Task
Restate word for word the entries below, starting at the line with "Inspiring Jason Kidd" and ending at the line with "Reindeer (Rangifer tarandus)". Keep both end lines and omit the pictures.
--- Supplied material ---
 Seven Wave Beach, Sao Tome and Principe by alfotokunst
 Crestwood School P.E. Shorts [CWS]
---
--- Supplied material ---
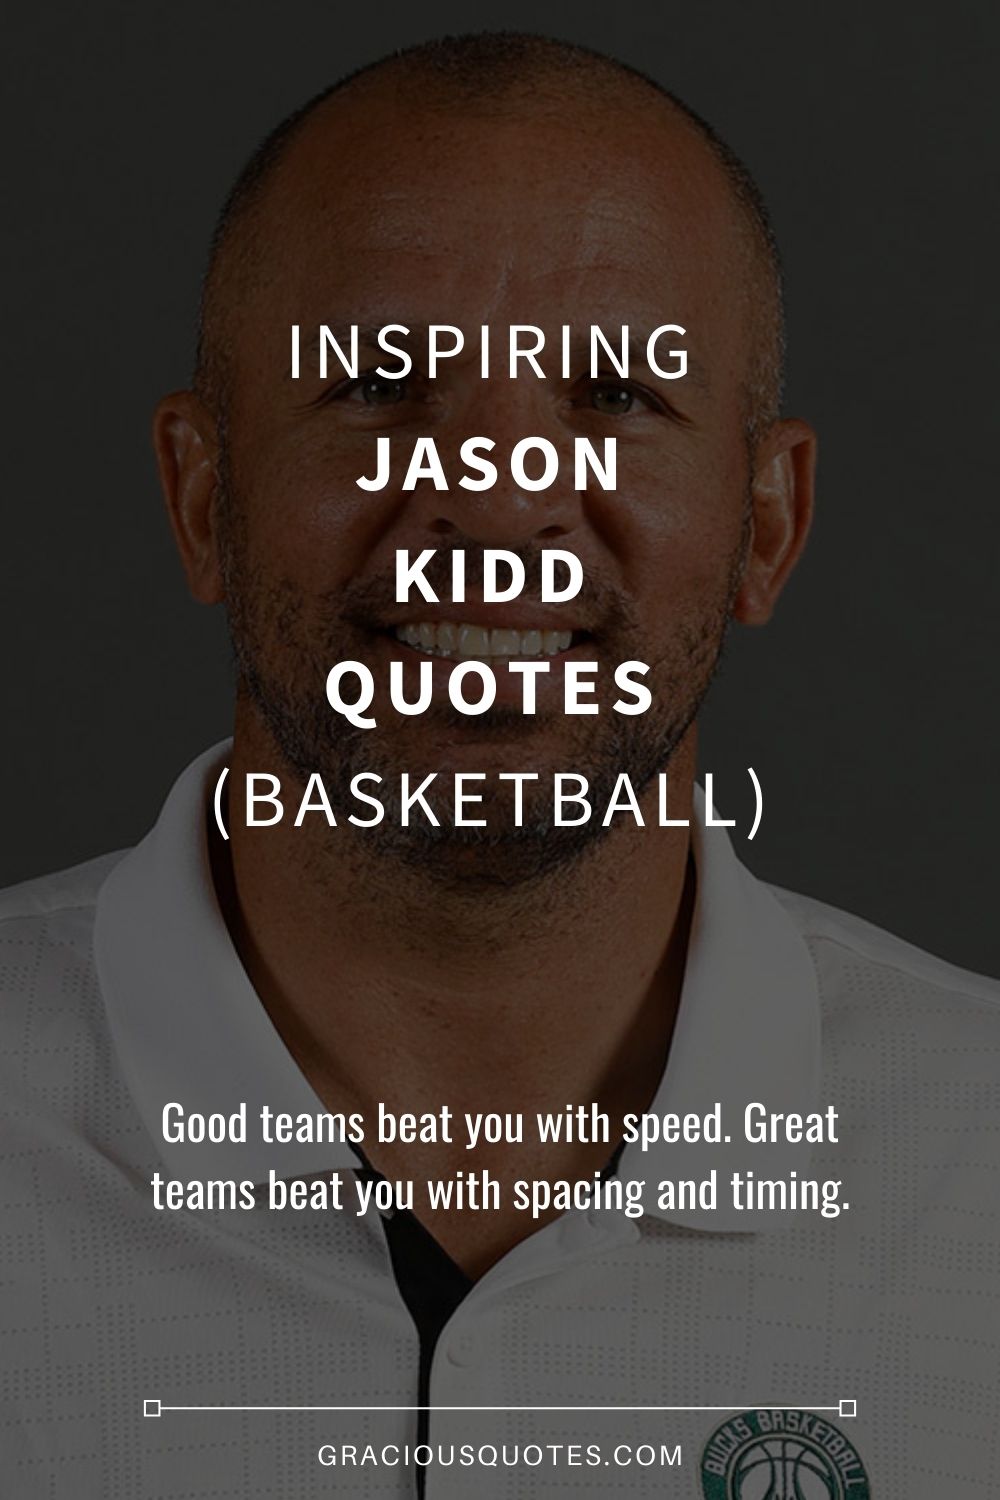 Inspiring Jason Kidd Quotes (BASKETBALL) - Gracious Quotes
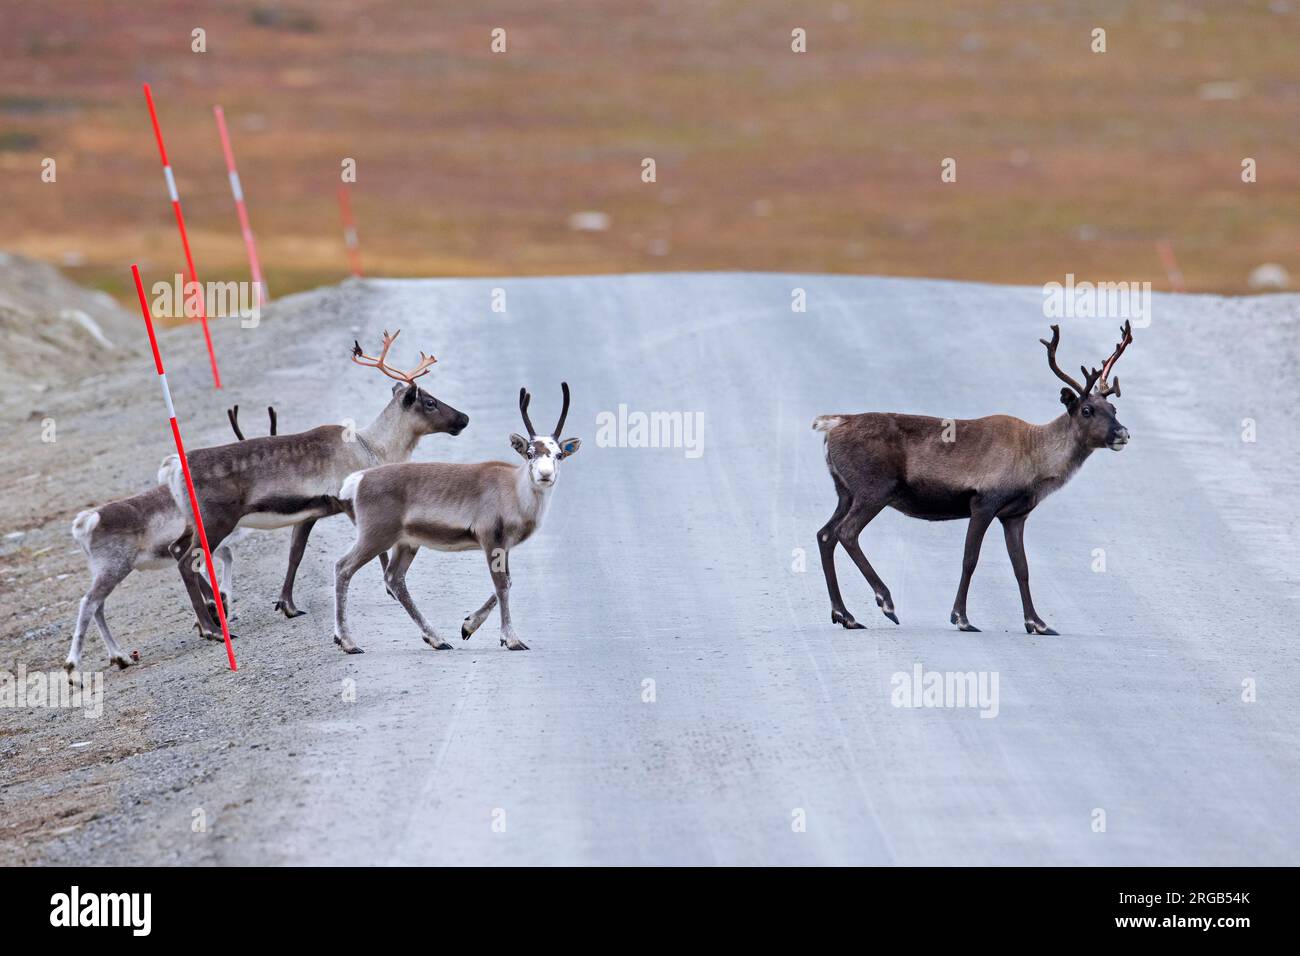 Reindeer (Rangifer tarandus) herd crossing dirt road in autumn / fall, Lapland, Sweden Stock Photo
---
Solved problem
 Inspiring Jason Kidd Quotes (BASKETBALL) - Gracious Quotes
 Reindeer (Rangifer tarandus) herd crossing dirt road in autumn / fall, Lapland, Sweden Stock Photo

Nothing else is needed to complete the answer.